# Dwarf Hair Grass no co2?



## aquariumrookie (Jun 26, 2014)

Can I grow Dwarf Hair Grass with good lighting, ferts, liquid co2, and NO pressurized co2?
THANKS!


----------



## brad.harper.9 (May 14, 2014)

Yes. I've done it in the past. Buy no co2 no ferts. It just grows more slowly.


----------



## Chrom0zone (Jun 4, 2006)

No Co2, no ferts.


----------



## joetank10 (Aug 13, 2014)

How many watts in this LED's and what size is the tank?


----------



## Chrom0zone (Jun 4, 2006)

It's a ADA 60-P, 17 gallons 24"x12"x14"

Lighting is very low profile Marineland double bright LED 24"

I'll try and trim it this weekend and post new pics.

Dwarf hairgrass grows like crazy.

Have a garra, shrimp, dwarf cories and some baby ramhorns for a cleaning crew, then ~12 rasboras.

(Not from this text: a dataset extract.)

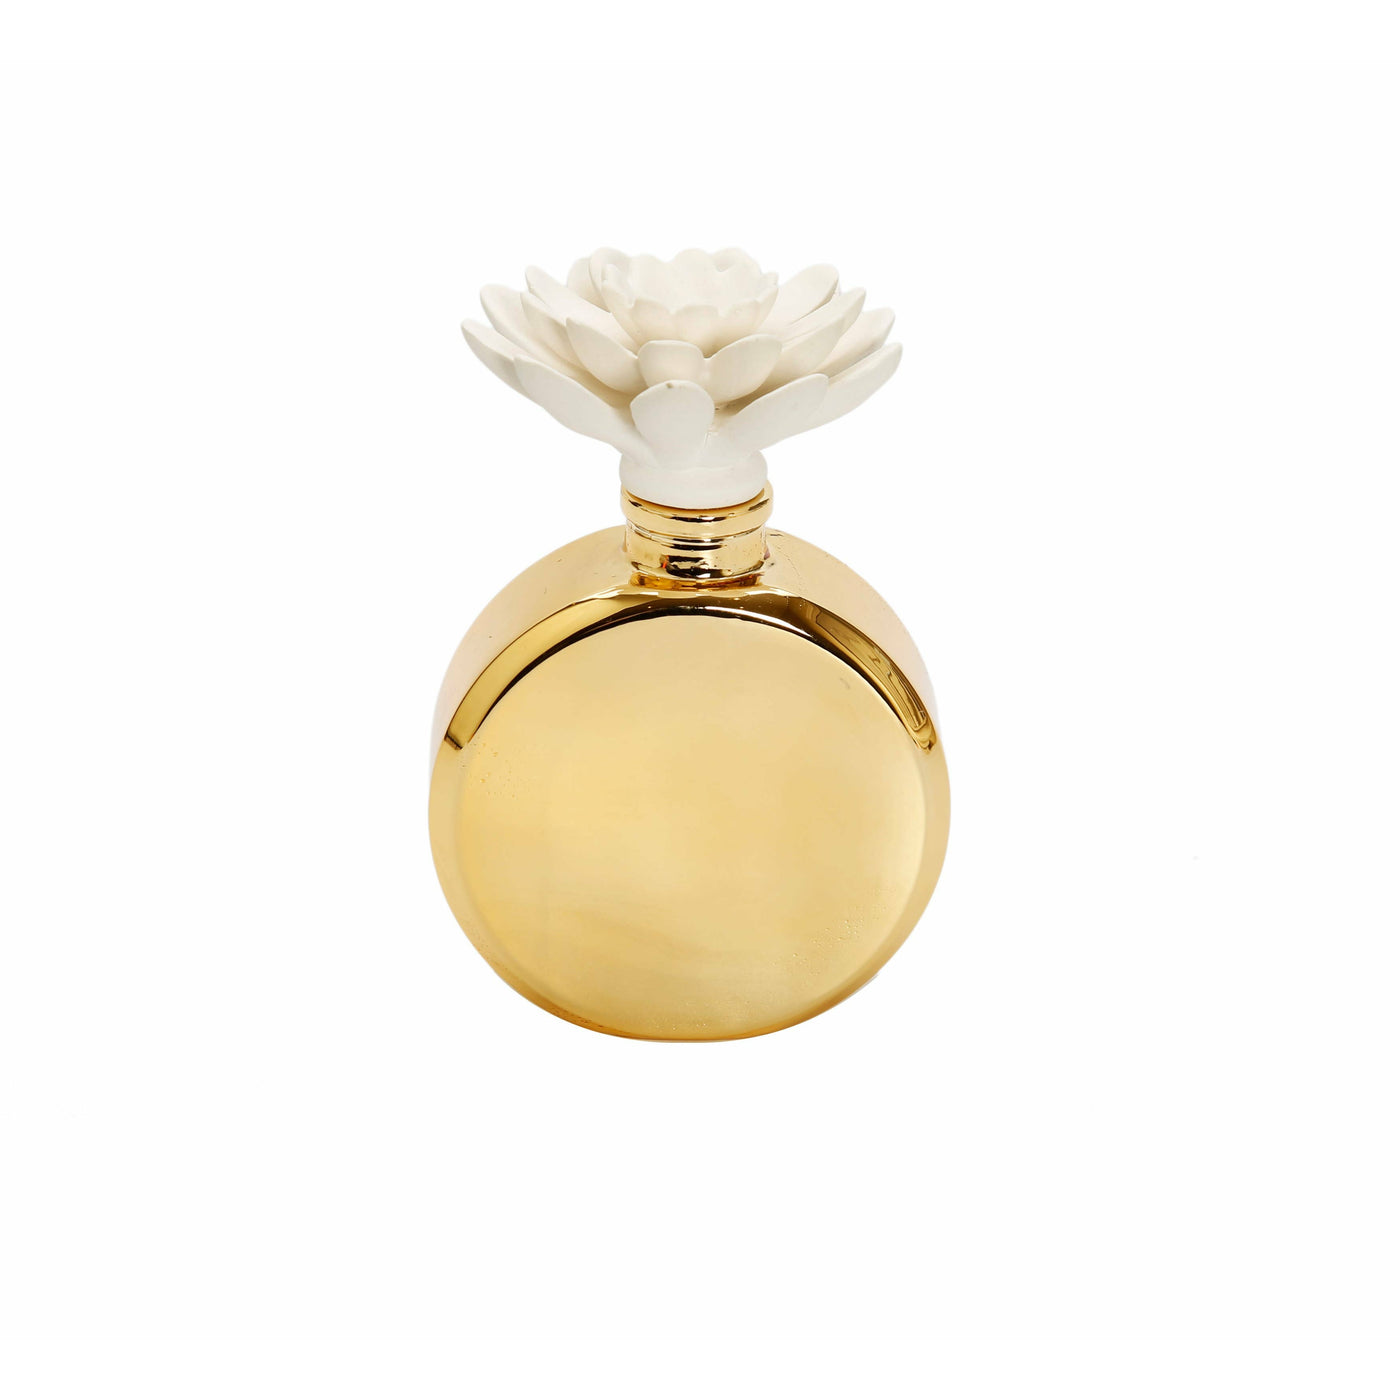 Gold Bottle Diffuser with White Flower, "Iris & Rose" Scent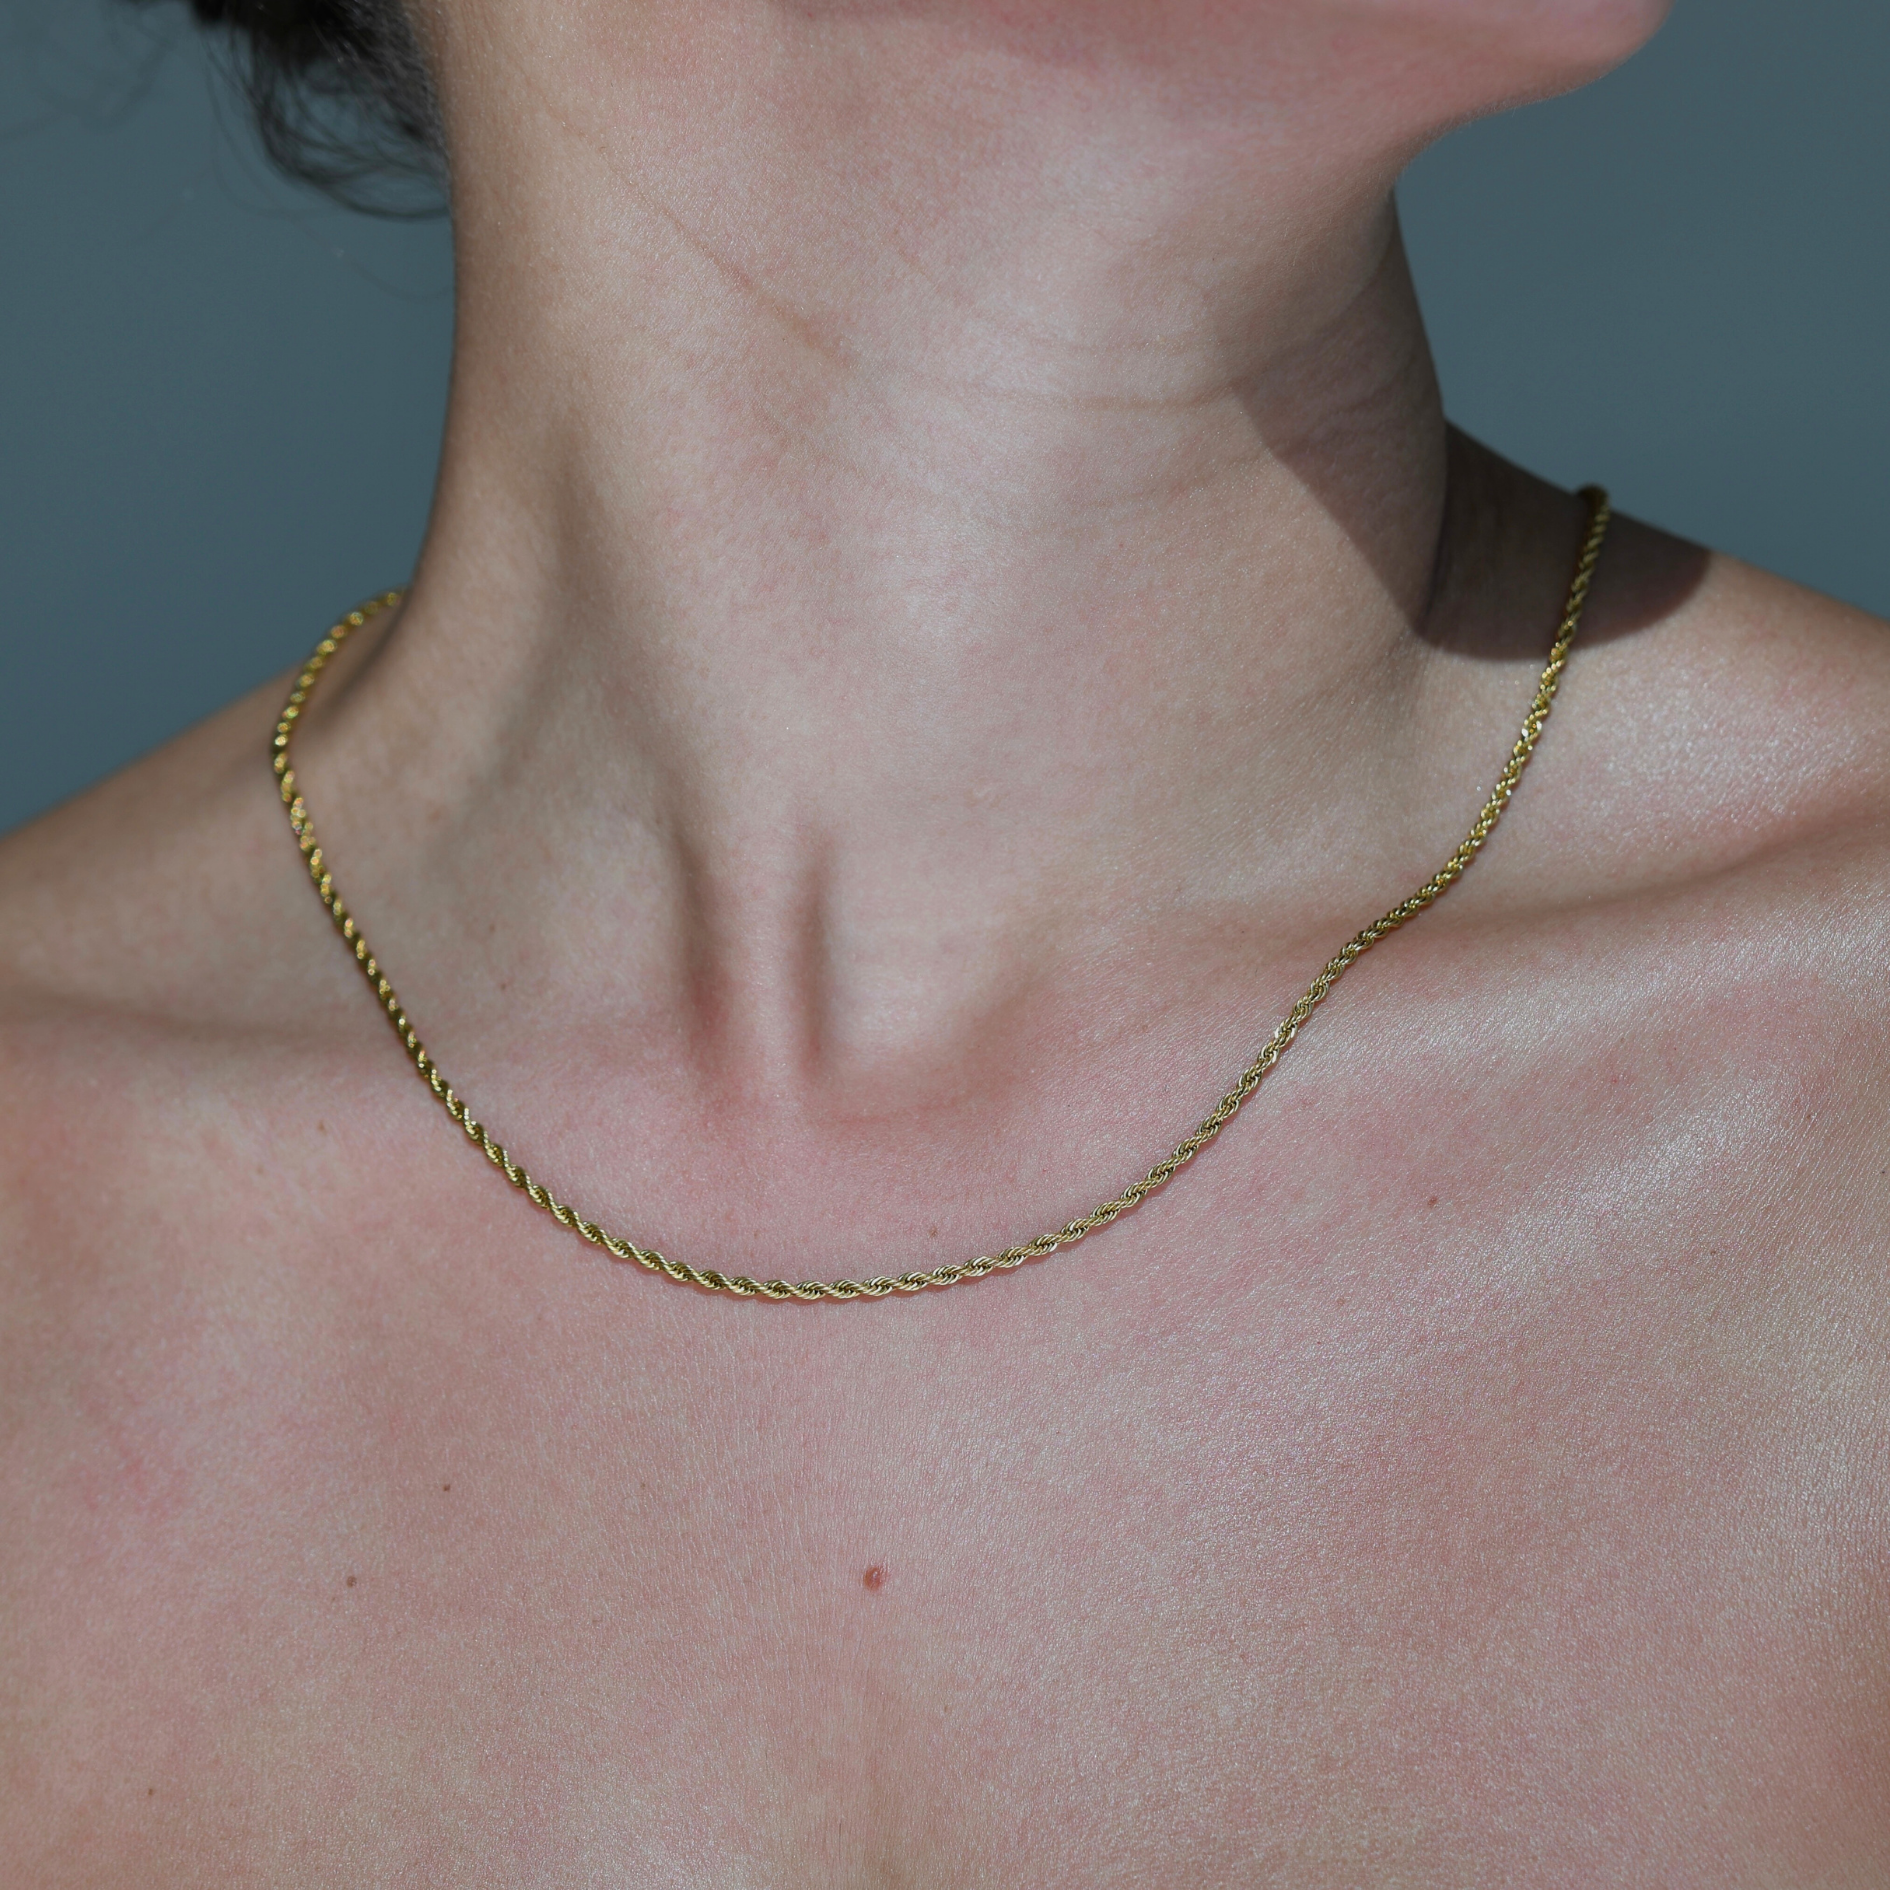 ROPE S Gold Chain Necklace - Rope texture elegant chain necklace.

Super low maintenance once it matured. 

I'll have A LOT of matures Dwarf Hairgrass after manicuring if anyone wants some.


----------



## Sicamore_Tree (Feb 12, 2006)

Ill take some.


----------



## marty93aus (Aug 1, 2014)

sorry to go off topic, but i was just wondering weather Dwarf Hair Grass is suitable for african cichlids? or any cichlids?


----------